I recently read an interesting blog post by Julia Silge about creating a supervised machine learning classification model to distinguish text between two different novels. I thought it would be good exercise to create a similar model using the wine dataset I previously used in other blog posts. Specifically, a model that classifies each wine into either red or white wine, based on the text used to describe the wine by the wine taster.

Firstly, I load the libraries I need for this post.

# Load libraries required for this post
library(tidyverse)
library(tidytext) # https://www.tidytextmining.com/
library(rsample) # https://rsample.tidymodels.org/
library(glmnet) # https://glmnet.stanford.edu/articles/glmnet.html
library(broom) # https://broom.tidymodels.org/
library(yardstick) # https://yardstick.tidymodels.org/
library(scales)
library(gt)

1. Construct the dataset

Next, I get the data from the ‘Tidy Tuesday’ Github repo. For more about the Tidy Tuesday project, see this post.

# Get the base data from the Tidy Tuesday Github repository using readr package
# 14 variables with 129,971 observations
wine_ratings <- read_csv("https://raw.githubusercontent.com/rfordatascience/tidytuesday/master/data/2019/2019-05-28/winemag-data-130k-v2.csv")

This dataset contains nearly 130k wines that have been rated by Wine Enthusiast magazine. Each rating comes with a corresponding description of the wine submitted by the taster. These descriptions are short, generally about 3 sentences long. The color of the wine is not included in the dataset. I have to create this variable based on the variety of the wine. This is a pretty blunt way of assessing the color of the wine. Even though I’m sure there are some errors (especially when it comes to Champagne and Sparkling Blends), for the purposes of this post, they do not cause too many problems. Also, they provide some interesting insight when I run the model on the test dataset later on.
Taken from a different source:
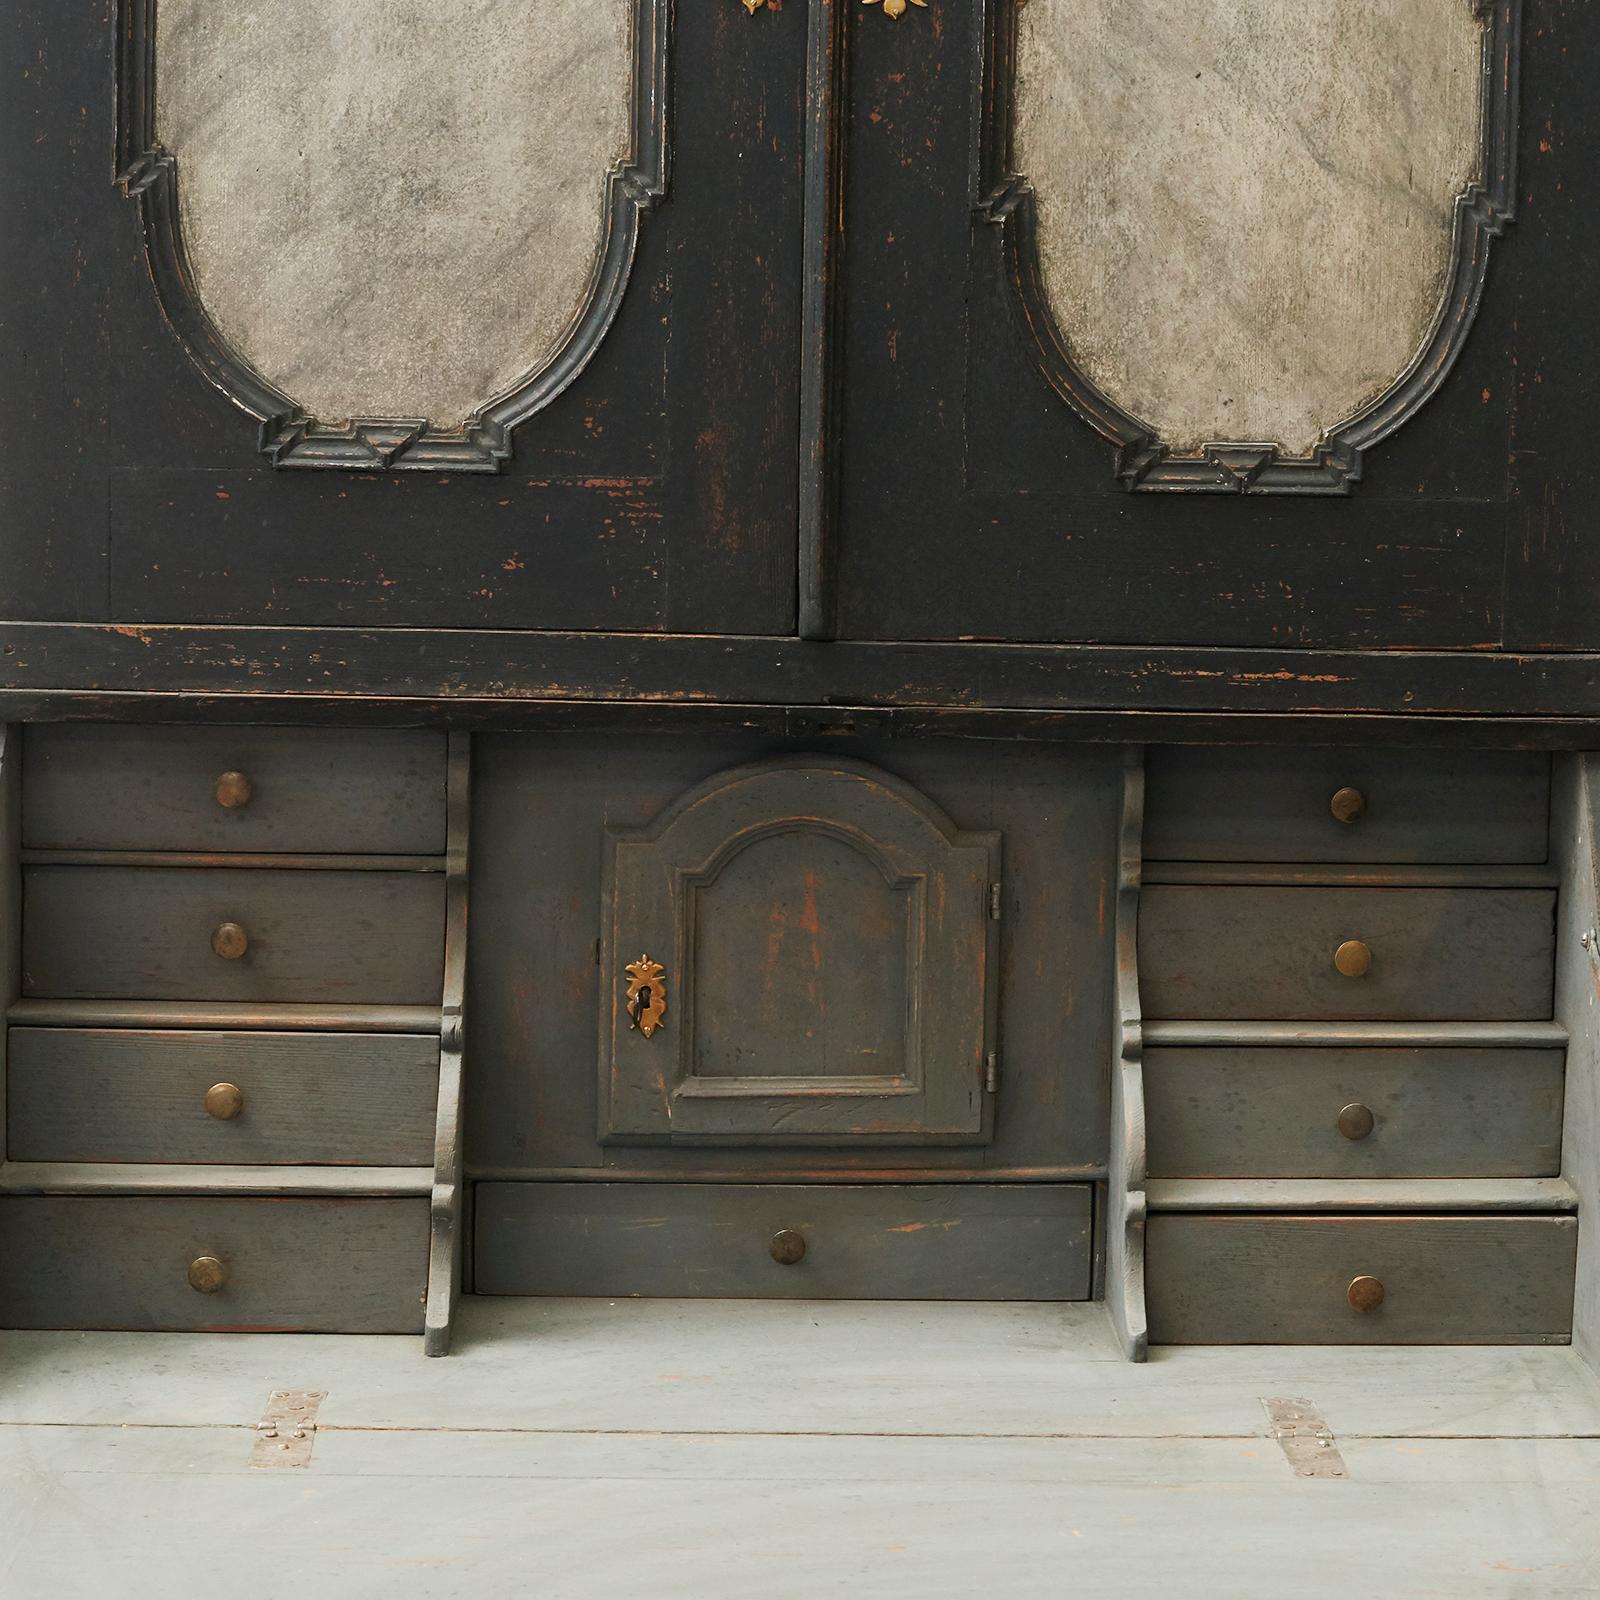 Baroque bureau, Sweden, circa 1750. Black-painted pine with gray-lined fillings. Behind the writing flap are numerous drawers in deep, grey color. A powerful and distinctive bureau (in 2 parts).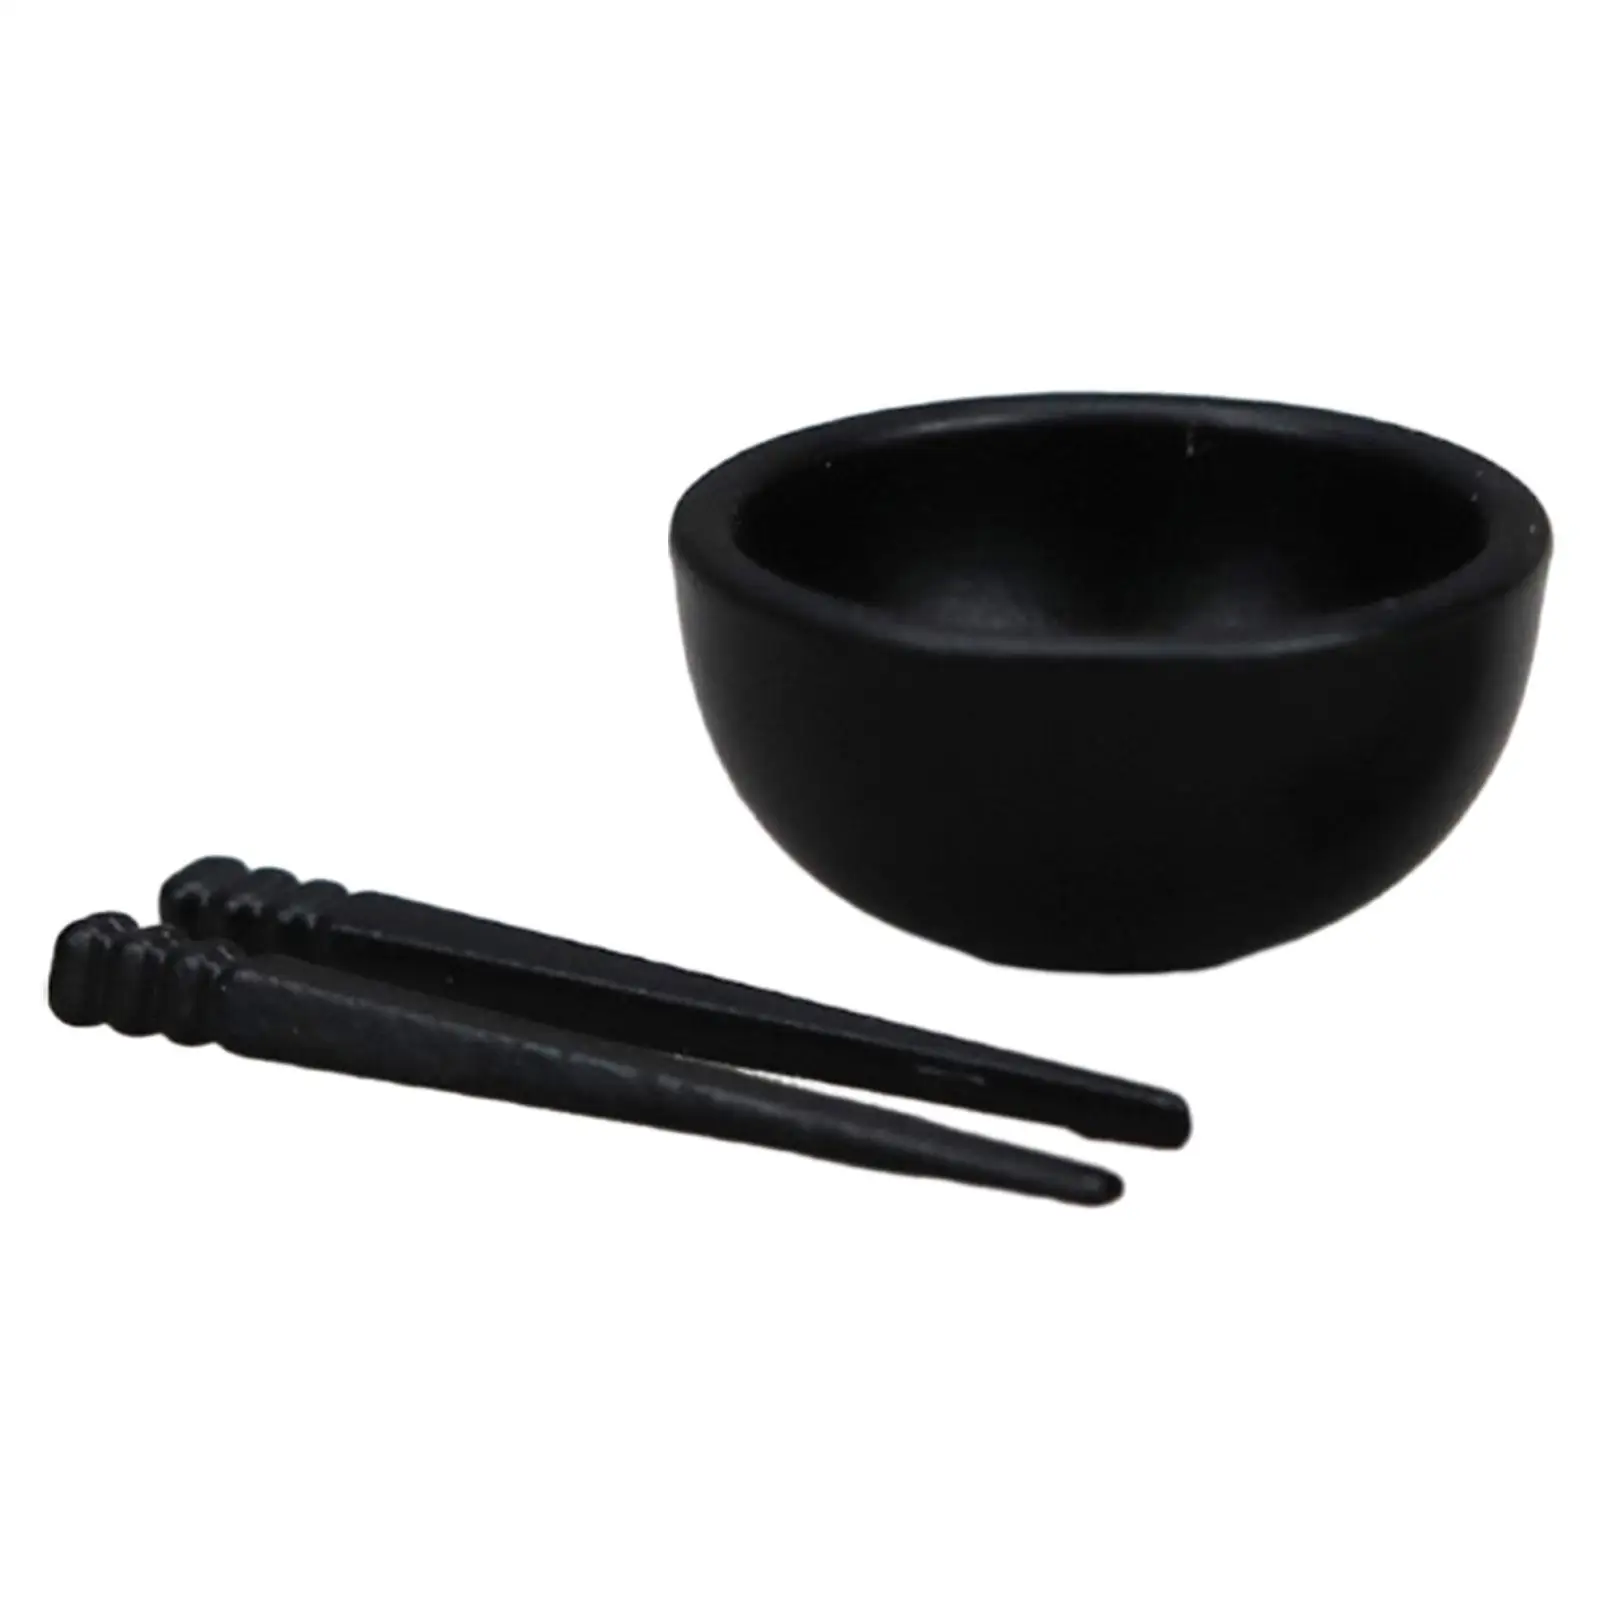 1/12 Dollhouse Bowl Chopsticks Dollhouse Furniture Accessories Miniature Kitchen Accessories for Boys Girls Kids Toddlers Gifts

# Filter the data to keep only grapes with more than 1000 reviews
# Assign a wine color to each of those grapes
grape_color <- wine_ratings %>%
  count(variety) %>%
  arrange(desc(n)) %>%
  filter(n > 1000) %>%
  mutate(wine_color = case_when(
    variety == "Pinot Noir" ~ "Red",
    variety == "Chardonnay" ~ "White",
    variety == "Cabernet Sauvignon" ~ "Red",
    variety == "Red Blend" ~ "Red",
    variety == "Bordeaux-style Red Blend" ~ "Red",
    variety == "Riesling" ~ "White",
    variety == "Sauvignon Blanc" ~ "White",
    variety == "Syrah" ~ "Red",
    variety == "Merlot" ~ "Red",
    variety == "Nebbiolo" ~ "Red",
    variety == "Zinfandel" ~ "Red",
    variety == "Sangiovese" ~ "Red",
    variety == "Malbec" ~ "Red",
    variety == "Portuguese Red" ~ "Red",
    variety == "White Blend" ~ "White",
    variety == "Sparkling Blend" ~ "White",
    variety == "Tempranillo" ~ "Red",
    variety == "Rhône-style Red Blend" ~ "Red",
    variety == "Pinot Gris" ~ "White",
    variety == "Champagne Blend" ~ "White",
    variety == "Cabernet Franc" ~ "Red",
    variety == "Grüner Veltliner" ~ "White",
    variety == "Portuguese White" ~ "White",
    variety == "Bordeaux-style White Blend" ~ "White",
    variety == "Pinot Grigio" ~ "White",
    variety == "Gamay" ~ "Red",
    variety == "Gewürztraminer" ~ "White"
  )) %>%
  remove_missing() # remove rows with NAs (1 row - Rose)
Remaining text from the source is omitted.